# What is the symmetry group of this compound of two polytopes?

The geometric shape in question is a compound of two polytopes: an 11-hypercube with edge length $$2$$ and an 11-simplex with edge length $$\sqrt6$$ whose vertices are a subset of the hypercube’s. What is the structure of this shape’s symmetry group?

Edit: proof that it’s possible: https://www.math.uchicago.edu/~may/VIGRE/VIGRE2011/REUPapers/Markov.pdf

And explicit coordinates:

(–1,–1,–1,–1,–1,–1,–1,–1,–1,–1,–1) (1,–1,1,–1,–1,–1,1,1,1,–1,1) (1,1,–1,1,–1,–1,–1,1,1,1,–1) (–1,1,1,–1,1,–1,–1,–1,1,1,1) (1,–1,1,1,–1,1,–1,–1,–1,1,1) (1,1,–1,1,1,–1,1,–1,–1,–1,1) (1,1,1,–1,1,1,–1,1,–1,–1,–1) (–1,1,1,1,–1,1,1,–1,1,–1,–1) (–1,–1,1,1,1,–1,1,1,–1,1,–1) (–1,–1,–1,1,1,1,–1,1,1,–1,1) (1,–1,–1,–1,1,1,1,–1,1,1,–1) (–1,1,–1,–1,–1,1,1,1,–1,1,1)
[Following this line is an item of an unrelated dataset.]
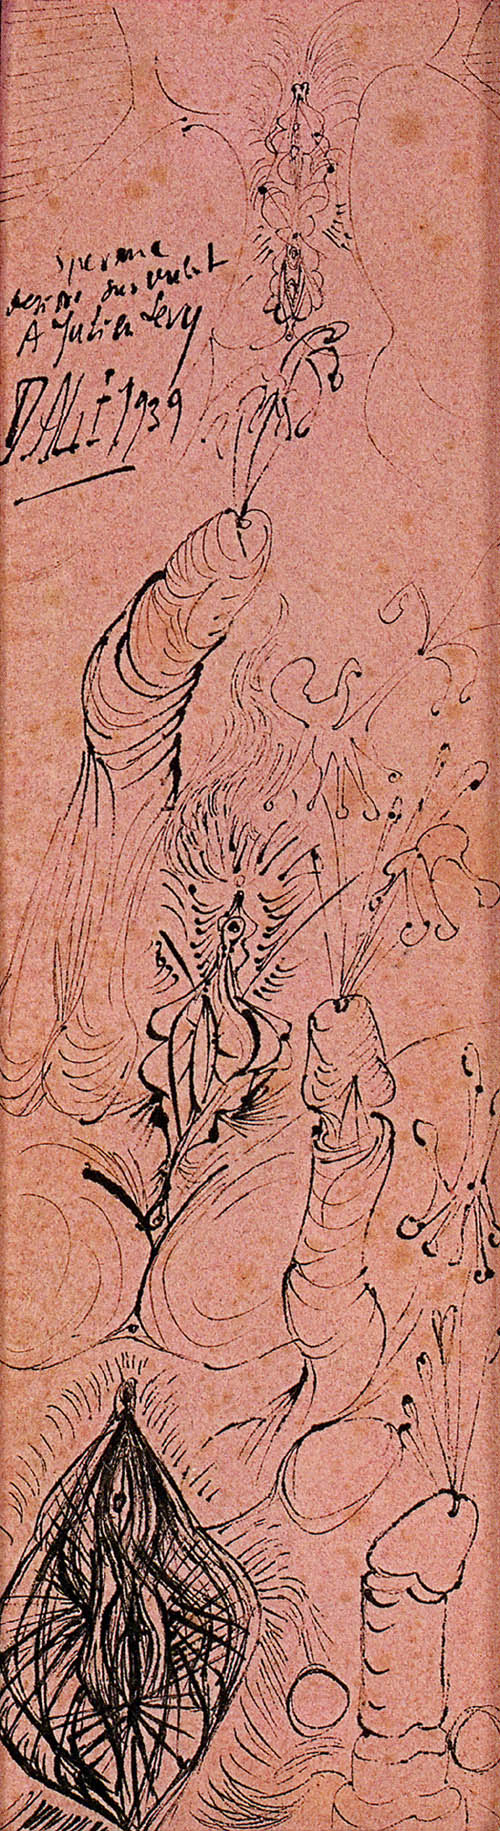 Salvador Dali - Sperme (Sperm) - 1939 ink on pink paper

• There is no such simplex. Feb 3, 2021 at 1:27
• Are you sure about that? Feb 3, 2021 at 2:19
• Wouldn't that hypercube have edges of length $2$, not $1$? Feb 3, 2021 at 2:39
• Oops, you’re right. Feb 3, 2021 at 2:53
• In fact, a regular simplex of dimension $n$ can be inscribed in a hypercube of dimension $n$ if and only if $n+1$ is the order of a Hadamard matrix. If we also want every automorphism of the simplex to extend to an automorphism of the hypercube, then the $n=2^m-1$ result is correct. Feb 3, 2021 at 13:55

The automorphism group of this configuration $$C'$$ is the Mathieu group $$M_{11}$$.
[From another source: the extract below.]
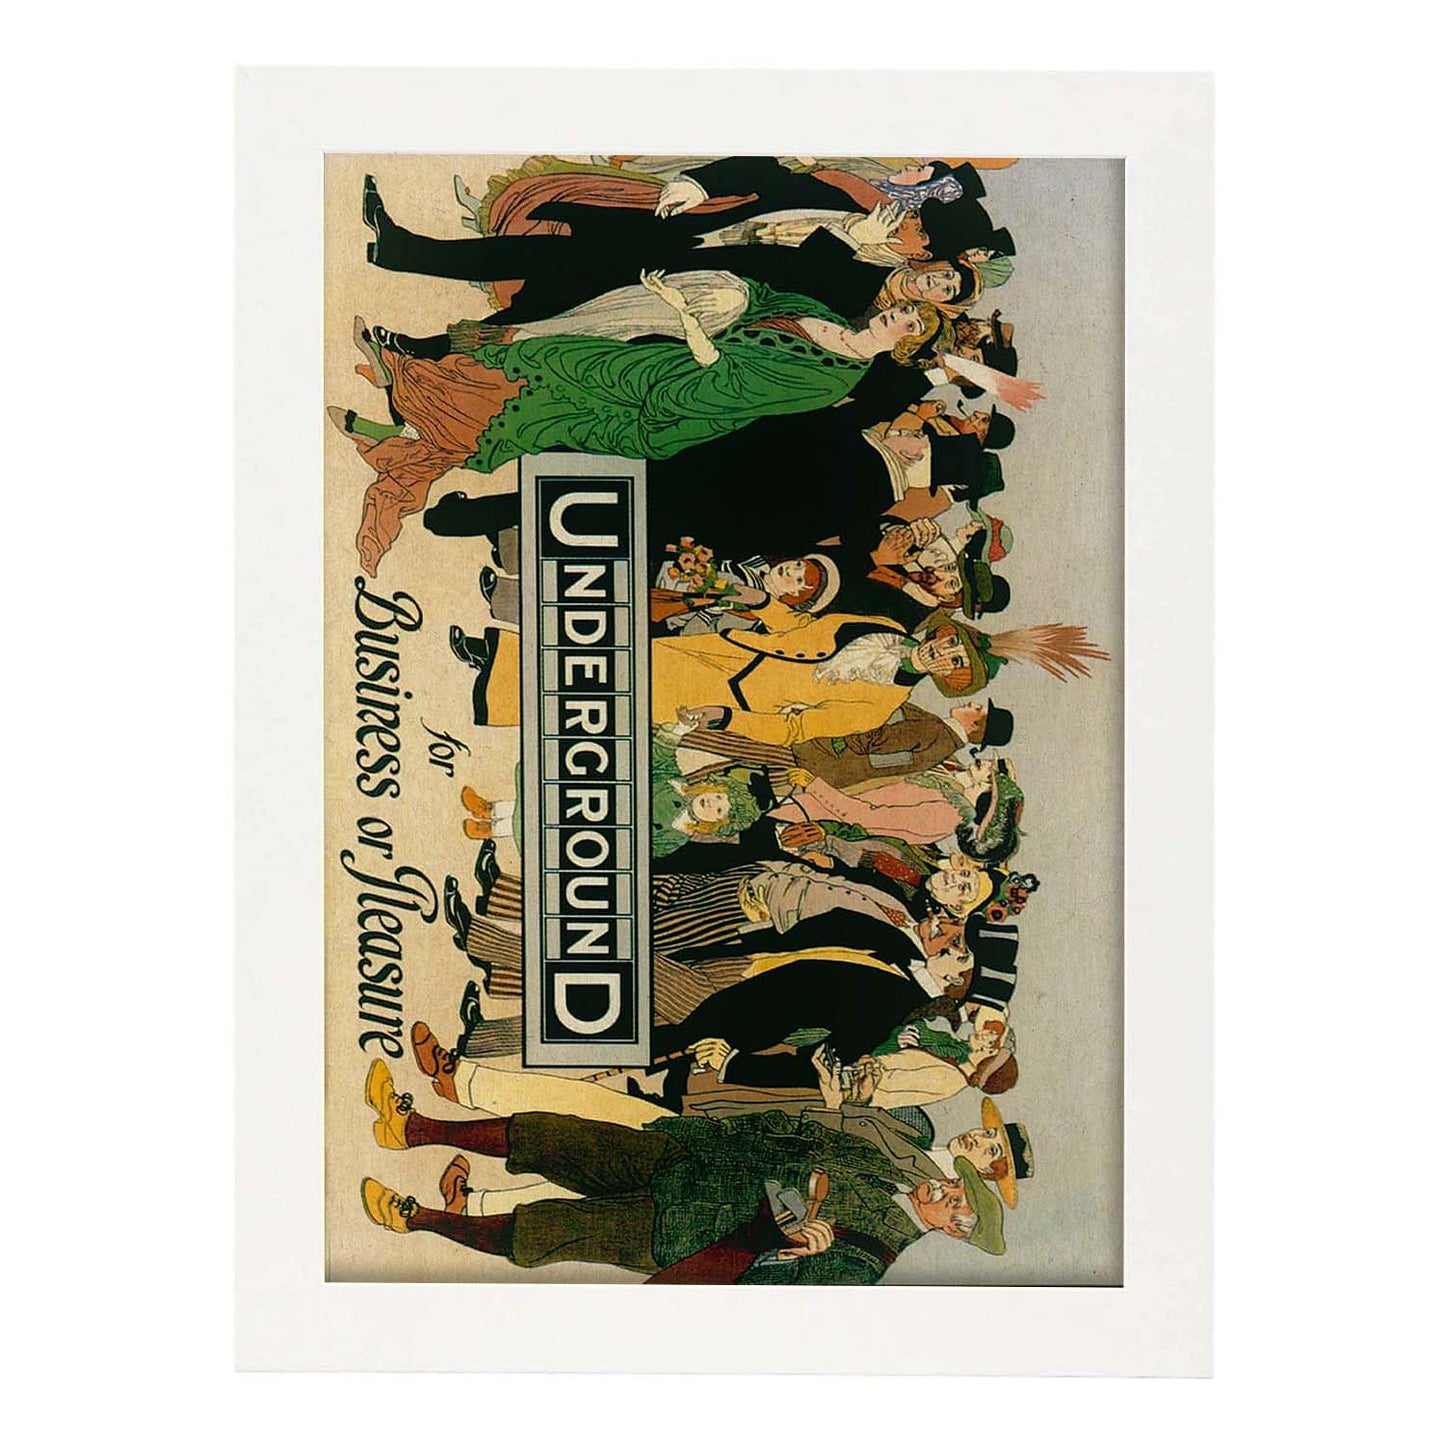 Poster vintage. Cartel vintage de Europa. Metro de Londres, 1913.-Artwork-Nacnic-A4-Marco Blanco-Nacnic Estudio SL

Firstly, we construct a larger configuration $$C$$ consisting of a 12-dimensional orthoplex inscribed in a 12-dimensional hypercube.

In particular, the orthoplex in $$C$$ consists of the vectors $$\{ \pm v : v \textrm{ is a column of } H \}$$, where $$H$$ is a 12-by-12 Hadamard matrix whose first row is $$(1, 1, \dots, 1)$$. The hypercube in $$C$$ simply consists of all $$2^{12}$$ vectors whose entries are $$\pm 1$$.
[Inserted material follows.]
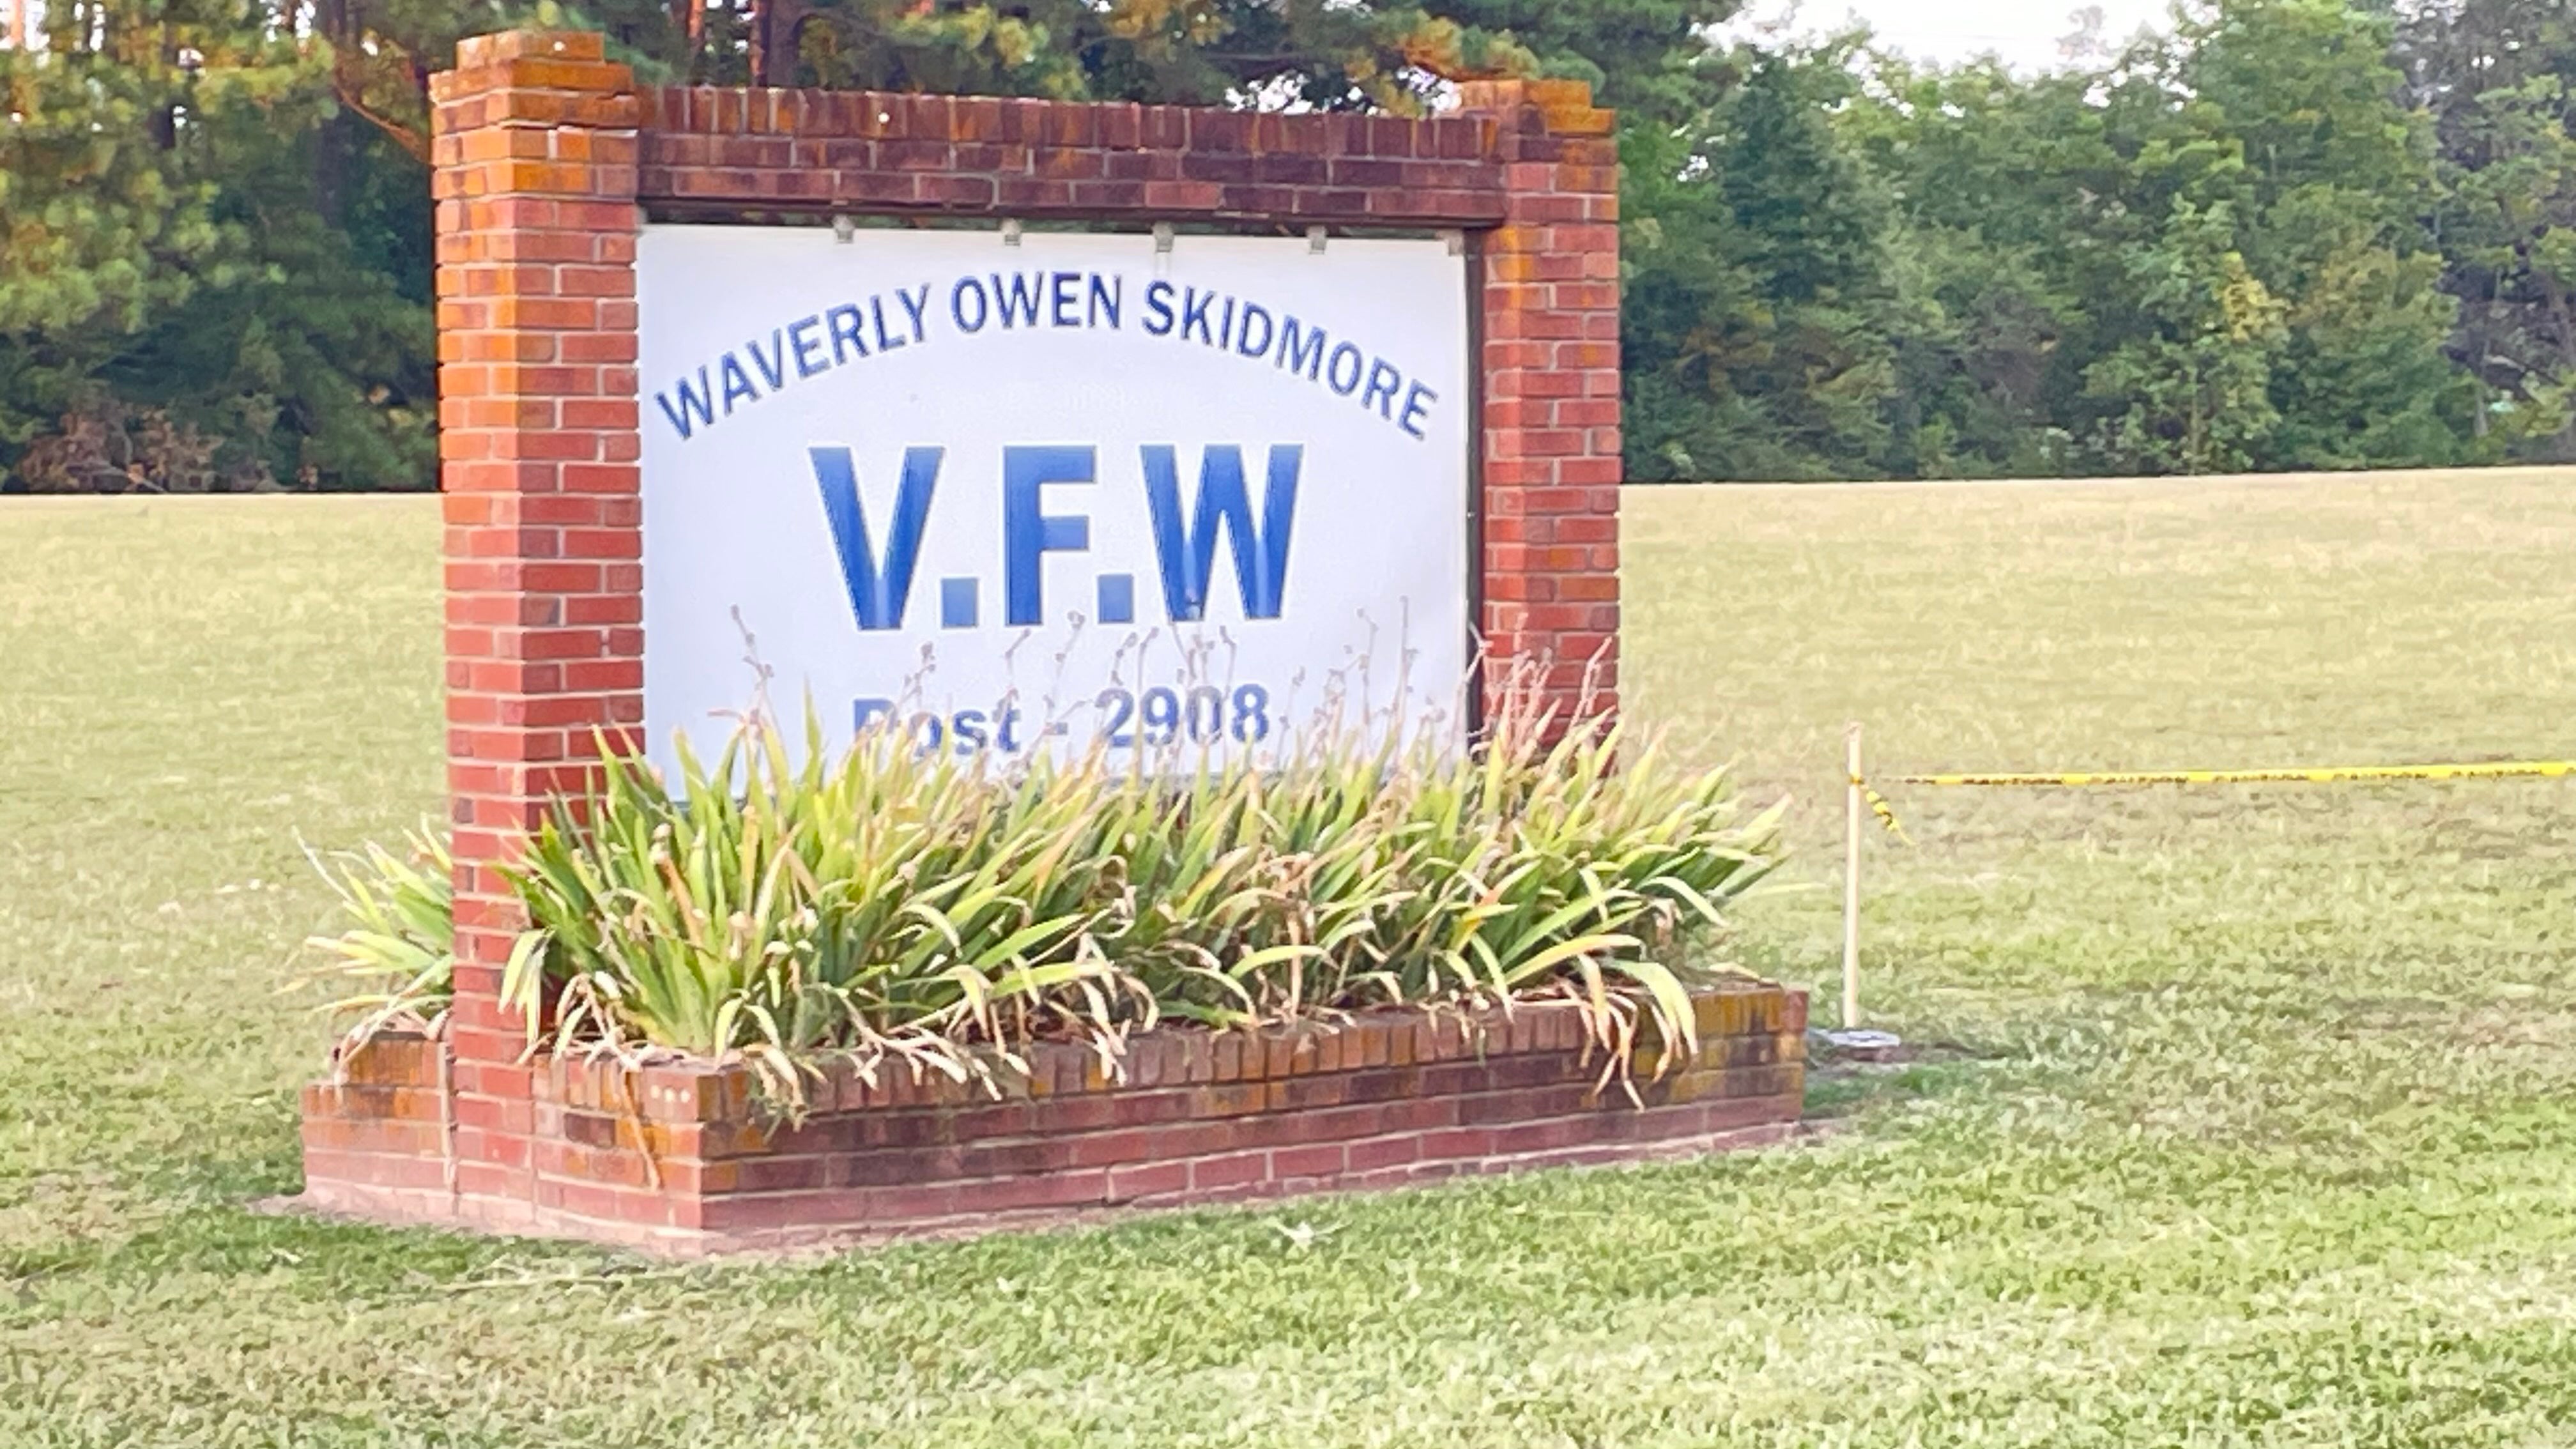 The Waverly Owen Skidmore VFW Post 2908 is under investigation.

The automorphism group of $$C$$ contains the order-2 centre $$\{\pm I\}$$, modulo which it is isomorphic to the Mathieu group $$M_{12}$$. This is described here in terms of the [unique up to isomorphism] order-12 Hadamard matrix:

The two different 12-element permutation representations of $$M_{12}$$ correspond to permuting:

1. The 12 'coordinate axes' of the hypercube;
2. The 12 pairs of opposite vertices of the inscribed orthoplex;

The subgroup $$K$$ that fixes a particular one of the 12 coordinate axes also has the order-2 centre $$\{ \pm I \}$$, modulo which it is isomorphic to $$M_{11}$$. This follows from $$M_{11}$$ being describable as the stabiliser of a point in the permutation representation of $$M_{12}$$.

Indeed, $$K$$ factors as a direct product $$C_2 \times M_{11}$$, where the first factor indicates whether the first coordinate axis is flipped or not, and the second factor indicates the permutation of the remaining 11 coordinate axes.

Consequently, $$M_{11}$$ is precisely the subgroup of the symmetry group of $$C$$ which fixes the unit vector $$v_1 = (1, 0, \dots, 0)$$.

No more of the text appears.